Nota metodologica: il modello, i semi, il codice
I dati di questo articolo provengono da una simulazione Monte Carlo eseguita internamente, non dall'analisi di slot commerciali specifiche: le tabelle di pagamento reali non sono pubbliche, le conoscono il provider e gli organismi di certificazione. Il nostro modello è invece dichiarato per intero, e questa è la tabella che lo definisce.
| Esito del giro | Probabilità | Contributo all'RTP |
|---|---|---|
| 0x — giro perdente | 74,9464% | 0,00% |
| 0,5x — vincita inferiore alla puntata | 10,0% | 5,00% |
| 1x | 7,0% | 7,00% |
| 2x | 4,5% | 9,00% |
| 5x | 2,0% | 10,00% |
| 10x | 1,0% | 10,00% |
| 25x | 0,40% | 10,00% |
| 100x | 0,12% | 12,00% |
| 500x | 0,030% | 15,00% |
| 5000x — premio massimo | 0,0036% | 18,00% |
| Totale | 100,0000% | 96,00% |
Sono state simulate 324.400 sessioni per le misure di ritorno, oltre 1,1 miliardi di giri complessivi, più 400 milioni di giri per il test di indipendenza e 50.000 sessioni da 500 giri per le serie a vuoto.
Il generatore usato per la simulazione è sfc32, inizializzato tramite splitmix32: buona qualità statistica e periodo ampio, cioè l'opposto dell'LCG giocattolo usato più sopra per dimostrare il determinismo. I semi sono fissi: 20260803, 20260804, 20260805, 20260806 e 20260807 per i cinque scenari, 20260808 per le serie a vuoto, 20260809 per il test di indipendenza, 2026 e 2027 per la dimostrazione dell'LCG.
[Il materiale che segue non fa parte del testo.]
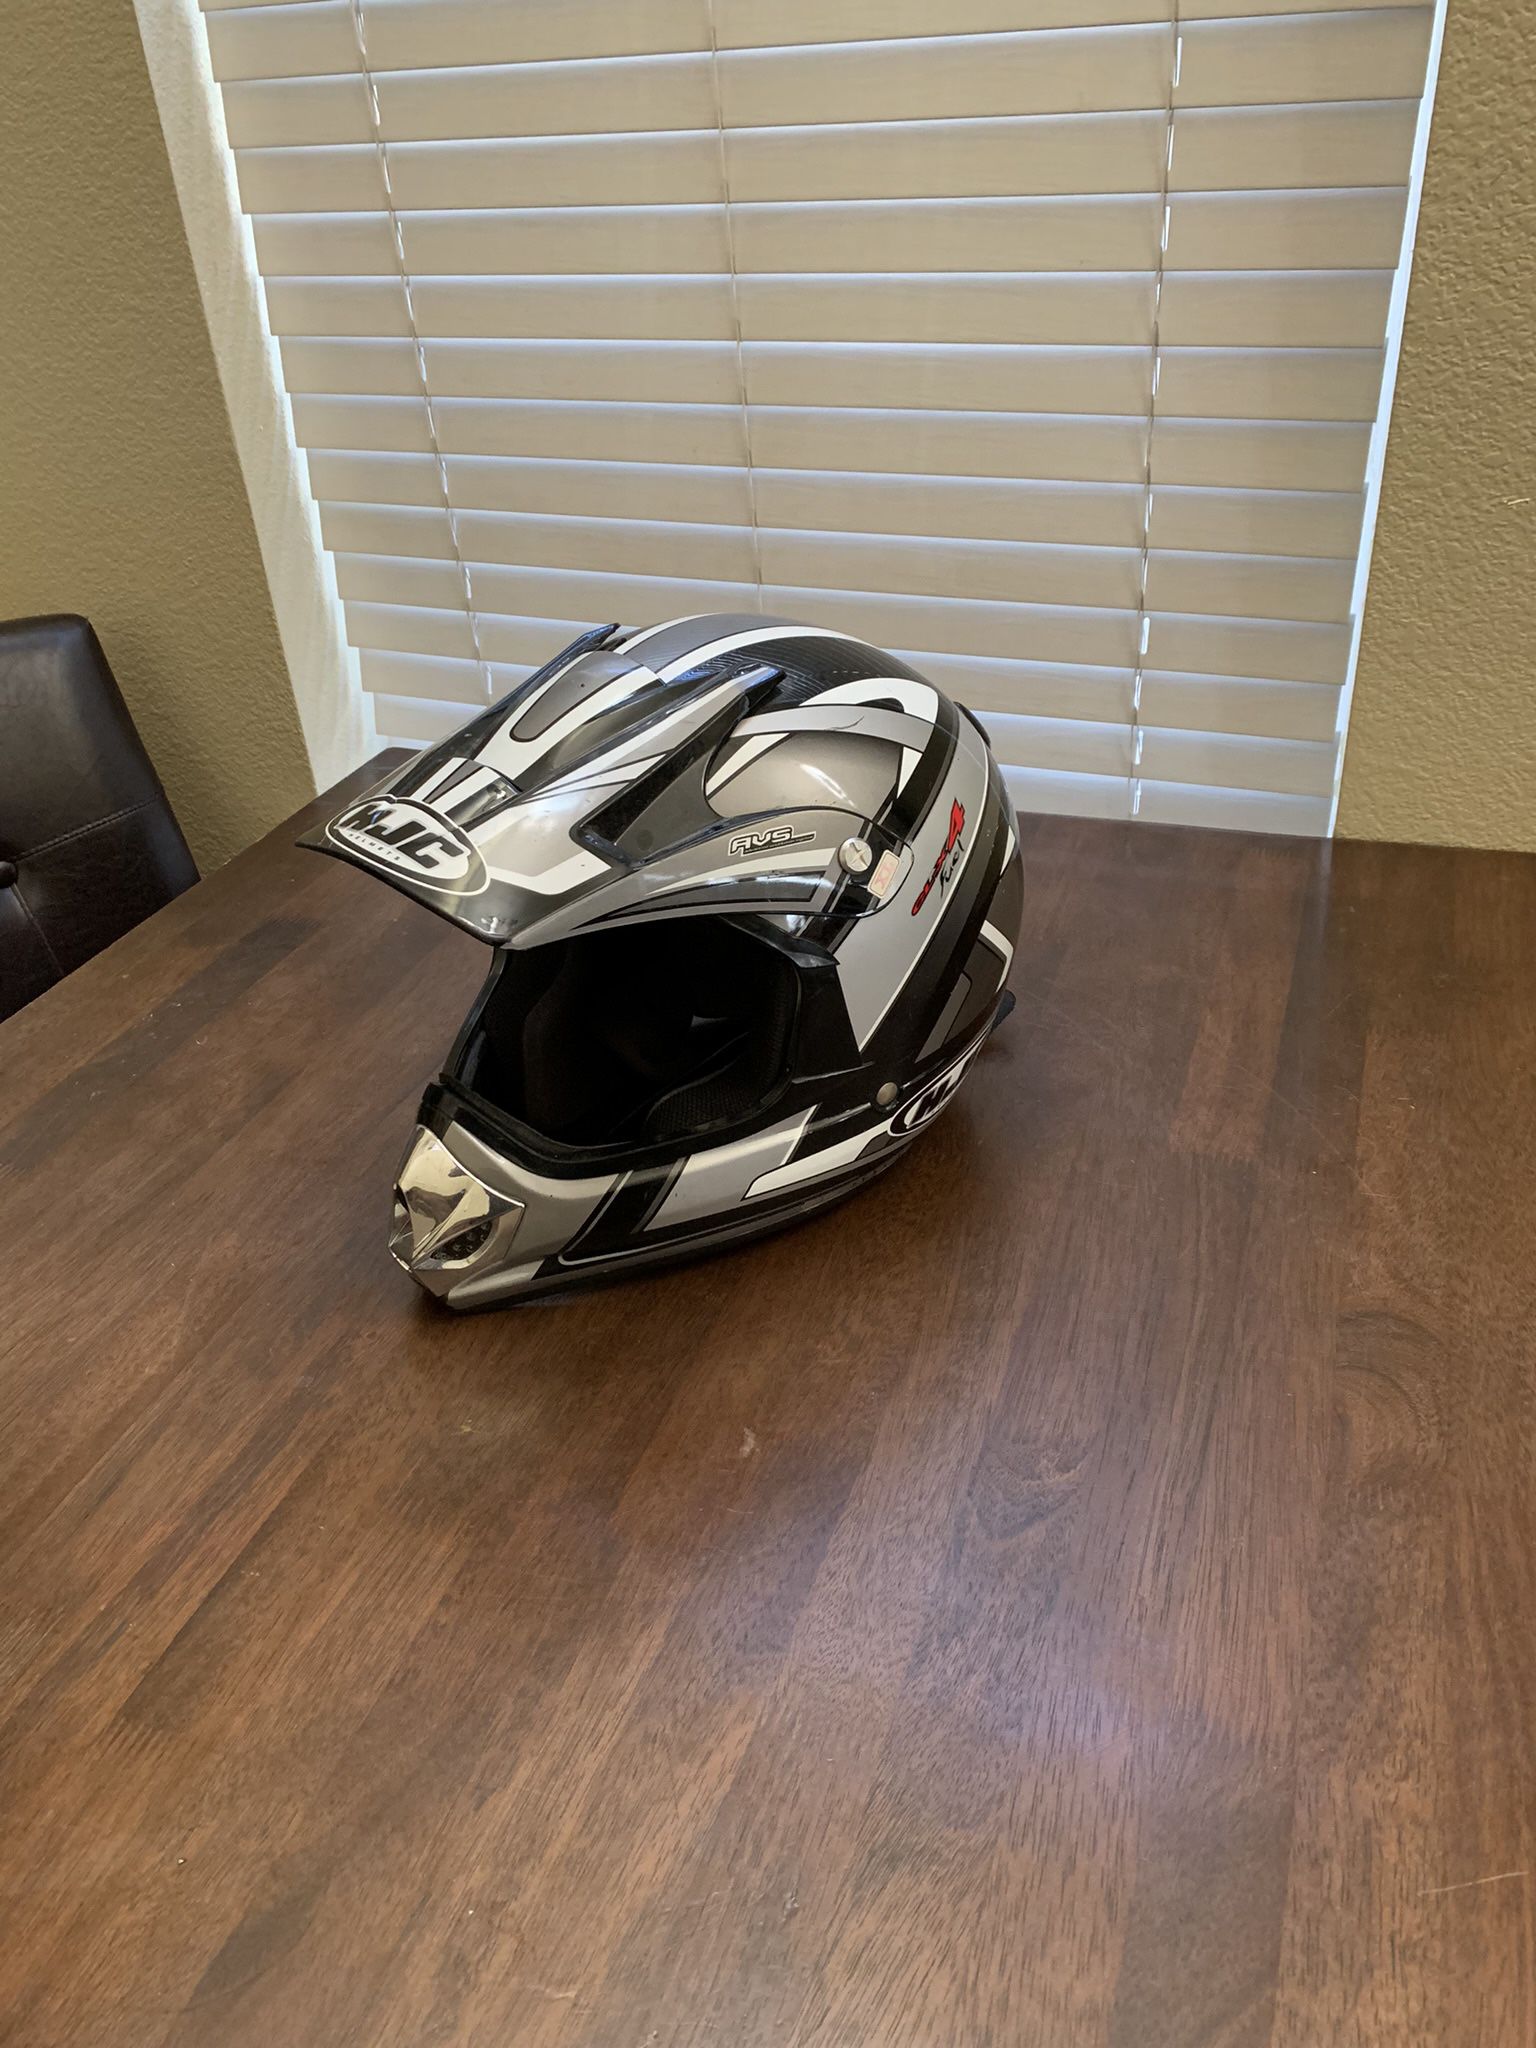 HJC Motocross Dirtbike Helmet Size XL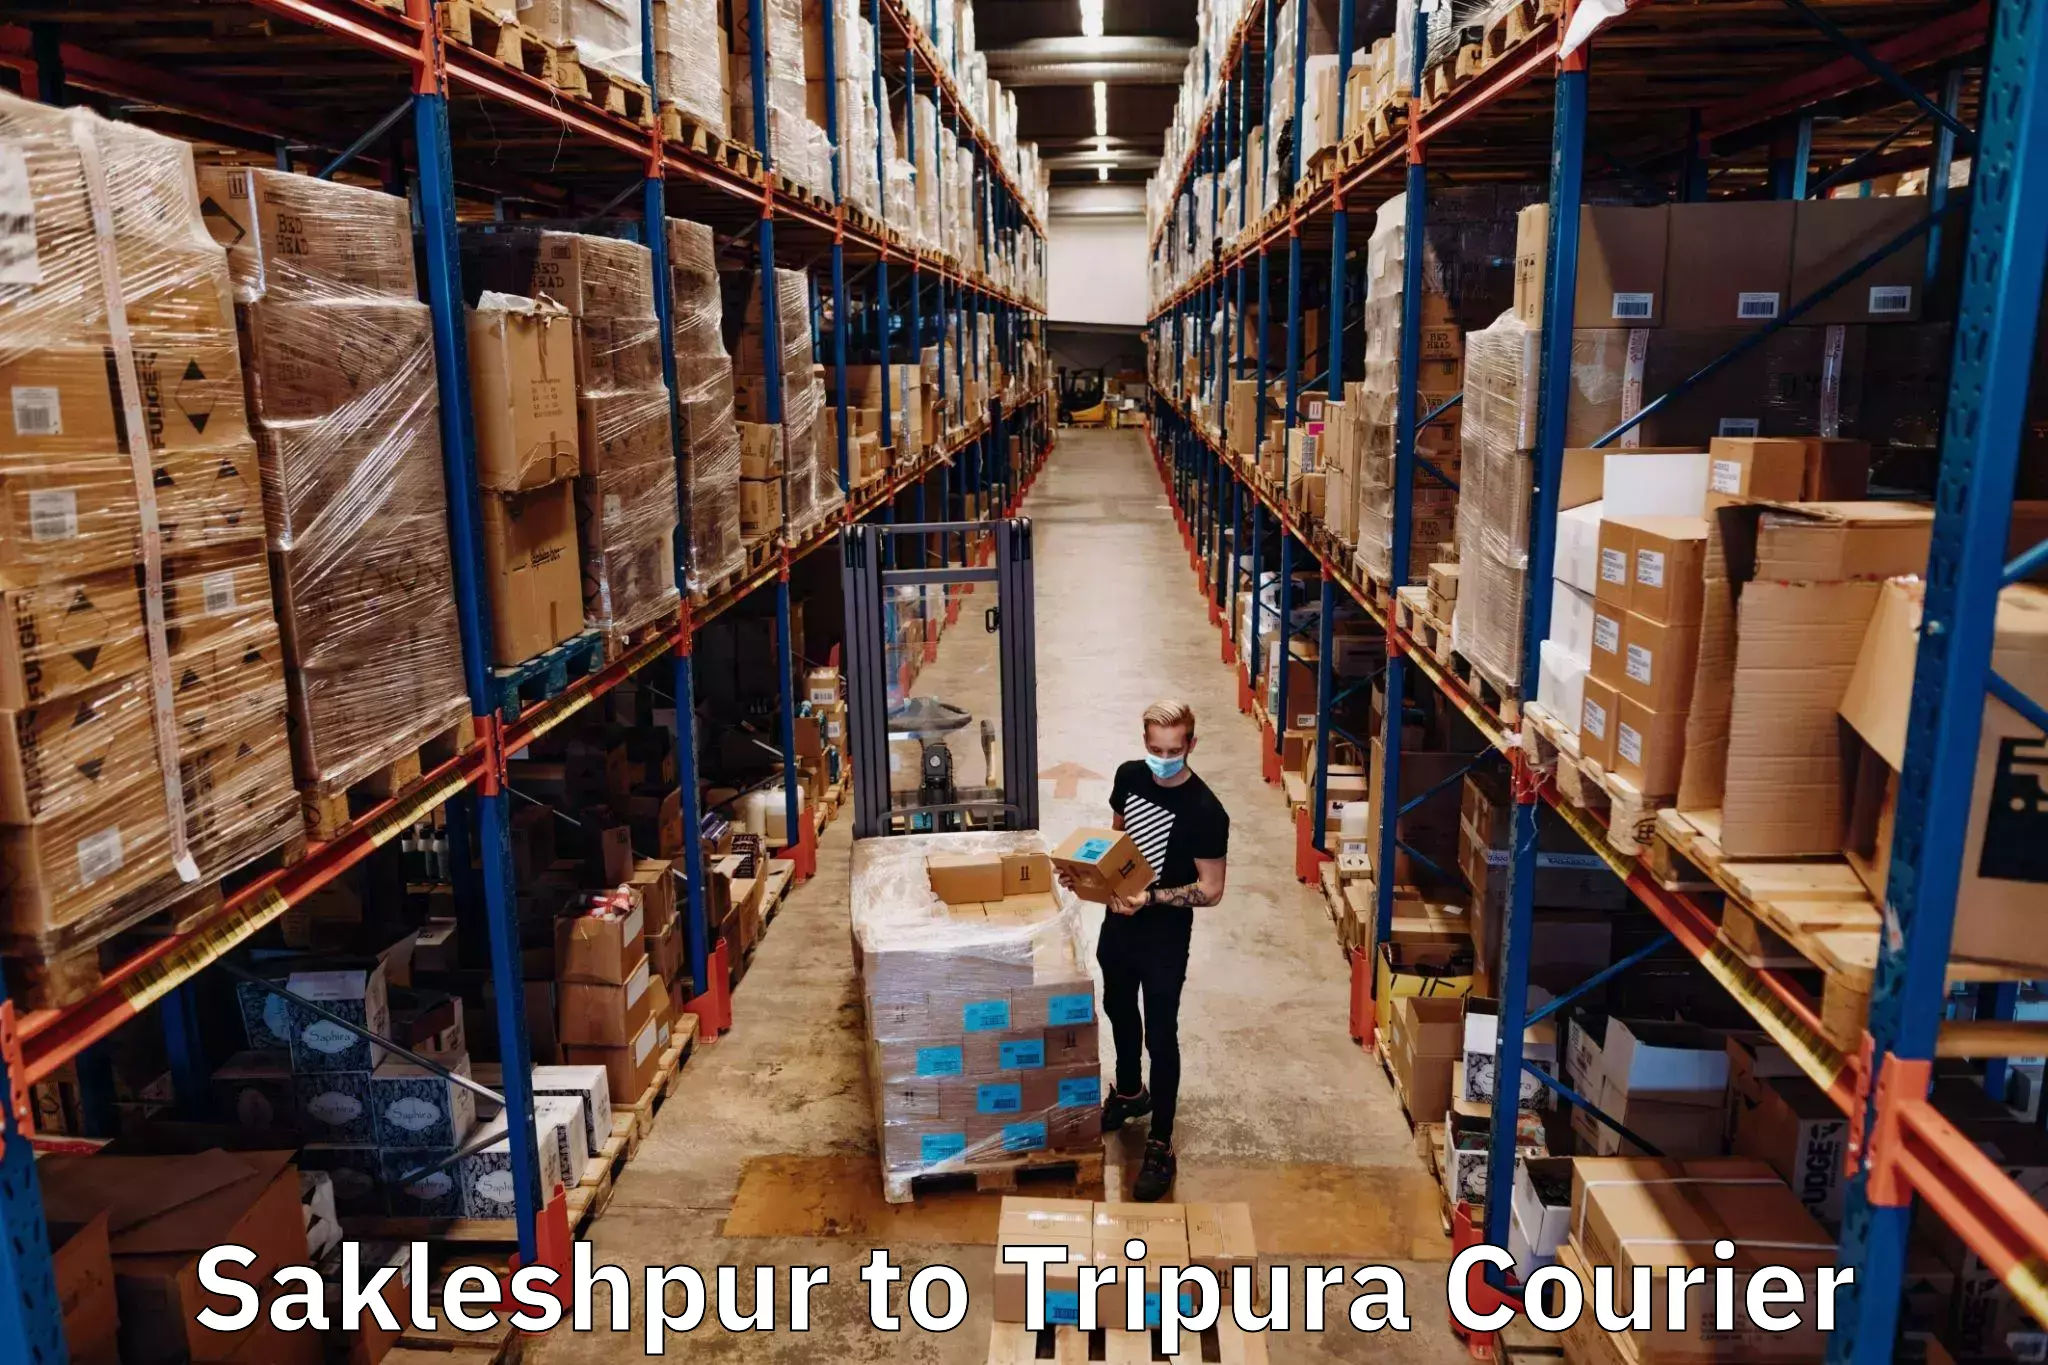 Customer-focused courier Sakleshpur to Udaipur Tripura

Codice, semi e risultati grezzi sono pubblicati su github.com/Marco-Landi/rng-slot-study, con licenza MIT. La simulazione non ha dipendenze: si lancia con node sim-rng-slot.mjs e, avendo i semi fissi, deve restituire esattamente i numeri di questo articolo. Se ottieni valori diversi è un errore nostro e ci interessa saperlo.
Un limite dichiarato: i risultati dipendono dal modello scelto. Una slot a bassa volatilità produrrebbe mediane molto più vicine all'RTP dichiarato. La tabella è qui sopra apposta perché chiunque possa cambiarla e rilanciare. E sì, la nostra simulazione usa a sua volta un generatore pseudocasuale: è il motivo per cui è riproducibile, ed è la tesi dell'articolo applicata a sé stessa.
Fonti: brevetto US 4.448.419 di Inge Telnaes (1984); linee guida ADM per la certificazione della piattaforma di gioco e bozza di aggiornamento tecnico in consultazione 2025; caso Ronald Dale Harris (Nevada Gaming Control Board, 1993-1995); inchiesta Wired del febbraio 2017 sulla squadra di San Pietroburgo e gli Aristocrat Mark VI.